Instructions to follow: Please write out each entry that follows, keeping it exactly the same.

(Collected data)

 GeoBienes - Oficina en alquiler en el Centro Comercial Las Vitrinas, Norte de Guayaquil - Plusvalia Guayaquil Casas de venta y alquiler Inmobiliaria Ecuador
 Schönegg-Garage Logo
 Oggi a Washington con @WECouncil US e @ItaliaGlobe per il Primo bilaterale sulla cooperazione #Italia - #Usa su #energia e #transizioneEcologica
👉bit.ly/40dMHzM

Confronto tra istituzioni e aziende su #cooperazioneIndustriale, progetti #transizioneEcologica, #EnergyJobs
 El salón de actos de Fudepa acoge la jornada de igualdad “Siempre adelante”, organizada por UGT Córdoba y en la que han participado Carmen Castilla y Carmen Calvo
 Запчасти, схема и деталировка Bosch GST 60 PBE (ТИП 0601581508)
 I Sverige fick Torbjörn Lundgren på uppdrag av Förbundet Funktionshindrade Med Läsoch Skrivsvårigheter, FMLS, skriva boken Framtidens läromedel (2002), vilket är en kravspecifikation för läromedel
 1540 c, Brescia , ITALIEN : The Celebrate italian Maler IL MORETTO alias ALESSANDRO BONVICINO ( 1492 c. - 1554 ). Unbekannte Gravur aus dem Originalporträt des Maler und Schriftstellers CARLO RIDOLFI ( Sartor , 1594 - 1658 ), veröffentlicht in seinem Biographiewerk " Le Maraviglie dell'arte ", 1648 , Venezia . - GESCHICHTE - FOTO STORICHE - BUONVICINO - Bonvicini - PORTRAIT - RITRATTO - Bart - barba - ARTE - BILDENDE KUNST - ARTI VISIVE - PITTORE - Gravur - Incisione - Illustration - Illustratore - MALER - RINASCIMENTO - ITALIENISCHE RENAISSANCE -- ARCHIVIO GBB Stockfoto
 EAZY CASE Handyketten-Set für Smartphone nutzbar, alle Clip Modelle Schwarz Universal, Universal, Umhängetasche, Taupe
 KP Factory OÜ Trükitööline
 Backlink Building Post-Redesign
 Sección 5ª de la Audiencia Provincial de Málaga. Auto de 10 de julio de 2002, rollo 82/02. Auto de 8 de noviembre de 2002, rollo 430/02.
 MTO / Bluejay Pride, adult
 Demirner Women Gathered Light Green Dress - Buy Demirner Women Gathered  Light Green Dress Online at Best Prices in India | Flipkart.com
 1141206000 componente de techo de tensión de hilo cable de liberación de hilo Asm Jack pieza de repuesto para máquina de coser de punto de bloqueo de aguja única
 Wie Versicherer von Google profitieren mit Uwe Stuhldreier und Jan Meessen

Task output:
 GeoBienes - Oficina en alquiler en el Centro Comercial Las Vitrinas, Norte de Guayaquil - Plusvalia Guayaquil Casas de venta y alquiler Inmobiliaria Ecuador
 Schönegg-Garage Logo
 Oggi a Washington con @WECouncil US e @ItaliaGlobe per il Primo bilaterale sulla cooperazione #Italia - #Usa su #energia e #transizioneEcologica
👉bit.ly/40dMHzM

Confronto tra istituzioni e aziende su #cooperazioneIndustriale, progetti #transizioneEcologica, #EnergyJobs
 El salón de actos de Fudepa acoge la jornada de igualdad “Siempre adelante”, organizada por UGT Córdoba y en la que han participado Carmen Castilla y Carmen Calvo
 Запчасти, схема и деталировка Bosch GST 60 PBE (ТИП 0601581508)
 I Sverige fick Torbjörn Lundgren på uppdrag av Förbundet Funktionshindrade Med Läsoch Skrivsvårigheter, FMLS, skriva boken Framtidens läromedel (2002), vilket är en kravspecifikation för läromedel
 1540 c, Brescia , ITALIEN : The Celebrate italian Maler IL MORETTO alias ALESSANDRO BONVICINO ( 1492 c. - 1554 ). Unbekannte Gravur aus dem Originalporträt des Maler und Schriftstellers CARLO RIDOLFI ( Sartor , 1594 - 1658 ), veröffentlicht in seinem Biographiewerk " Le Maraviglie dell'arte ", 1648 , Venezia . - GESCHICHTE - FOTO STORICHE - BUONVICINO - Bonvicini - PORTRAIT - RITRATTO - Bart - barba - ARTE - BILDENDE KUNST - ARTI VISIVE - PITTORE - Gravur - Incisione - Illustration - Illustratore - MALER - RINASCIMENTO - ITALIENISCHE RENAISSANCE -- ARCHIVIO GBB Stockfoto
 EAZY CASE Handyketten-Set für Smartphone nutzbar, alle Clip Modelle Schwarz Universal, Universal, Umhängetasche, Taupe
 KP Factory OÜ Trükitööline
 Backlink Building Post-Redesign
 Sección 5ª de la Audiencia Provincial de Málaga. Auto de 10 de julio de 2002, rollo 82/02. Auto de 8 de noviembre de 2002, rollo 430/02.
 MTO / Bluejay Pride, adult
 Demirner Women Gathered Light Green Dress - Buy Demirner Women Gathered  Light Green Dress Online at Best Prices in India | Flipkart.com
 1141206000 componente de techo de tensión de hilo cable de liberación de hilo Asm Jack pieza de repuesto para máquina de coser de punto de bloqueo de aguja única
 Wie Versicherer von Google profitieren mit Uwe Stuhldreier und Jan Meessen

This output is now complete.